In compliance with your request, I send you the following few out of the many interesting anecdotes connected with the Coombe School, About the middle of last October, it pleased the Lord to lay His chastening hand upon one of our eldest and best boys by afflicting him with a species of fever, which terminated in his death on the morning of the 23rd of last December.

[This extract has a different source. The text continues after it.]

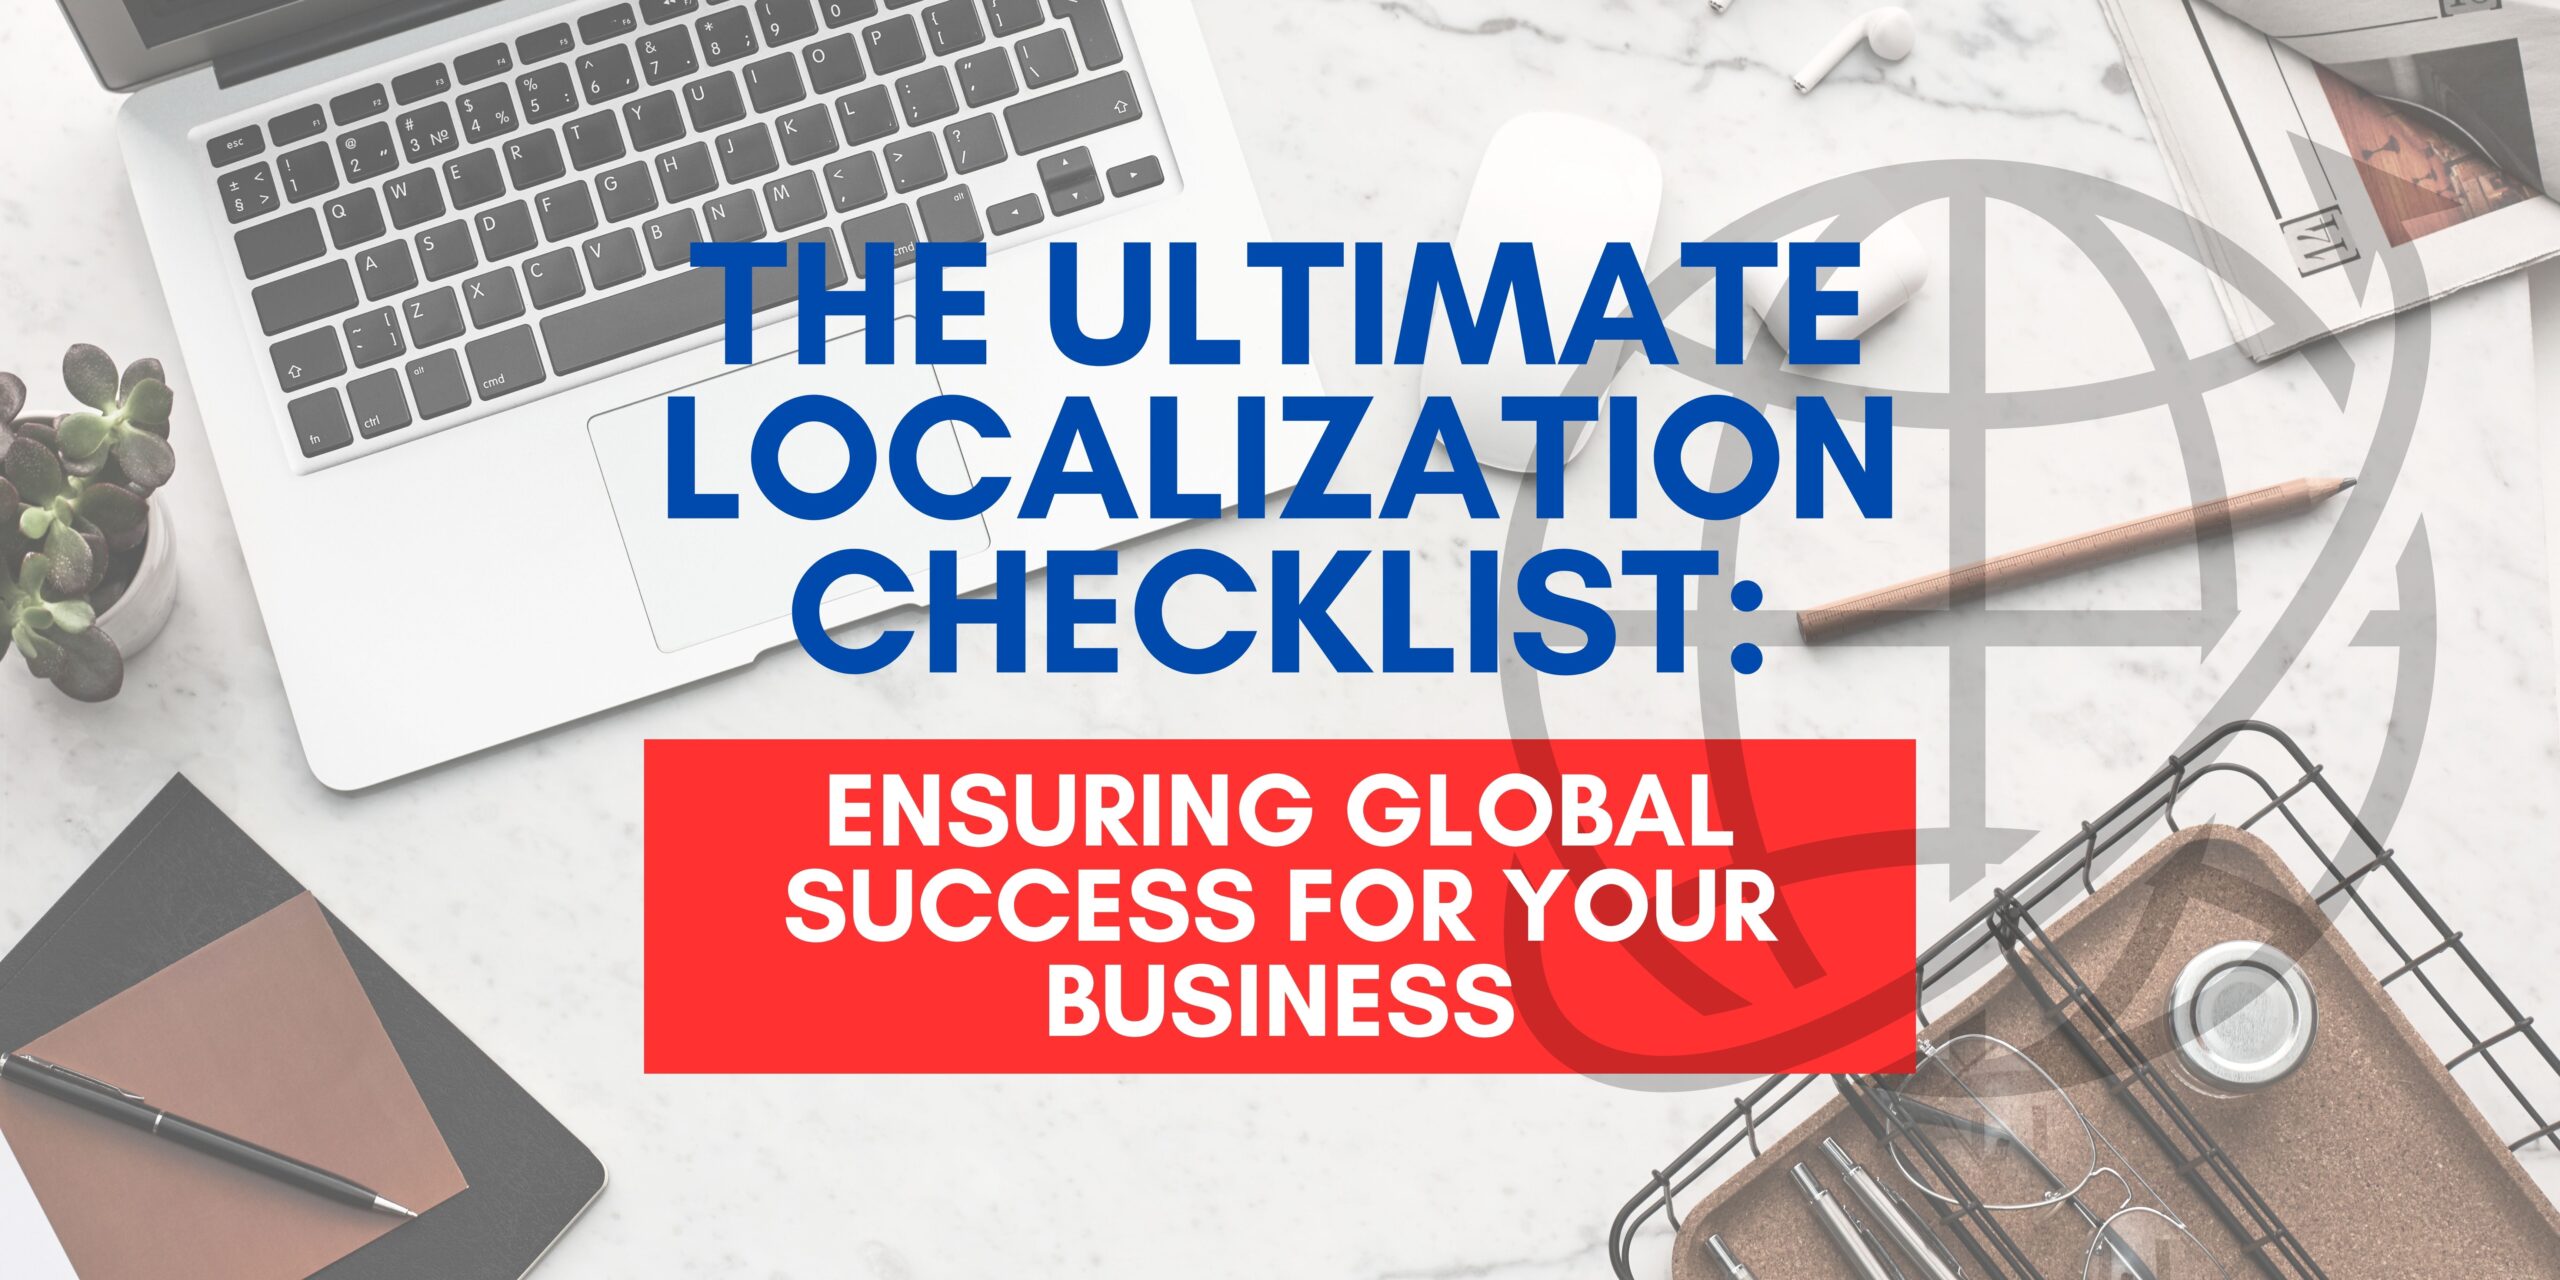 The Ultimate Localization Checklist Ensuring Global Success for Your Business

Shortly after he was taken ill, he was sent to the Adelaide Hospital. While here he was visited by several Christian friends, who felt quite surprised at the knowledge of the sacred Scriptures which he possessed, as well as the clear views which he manifested of the Gospel plan of salvation.

Such was the abundant grace which the Lord in His great mercy had shed abroad in his heart through

the mighty but invisible workings of His Holy Spirit, that his soul seemed to gather strength in proportion to the daily increasing weakness of his mortal frame. Of him it might be truly said, that "though his outward man decayed, yet his inward man was renewed day by day."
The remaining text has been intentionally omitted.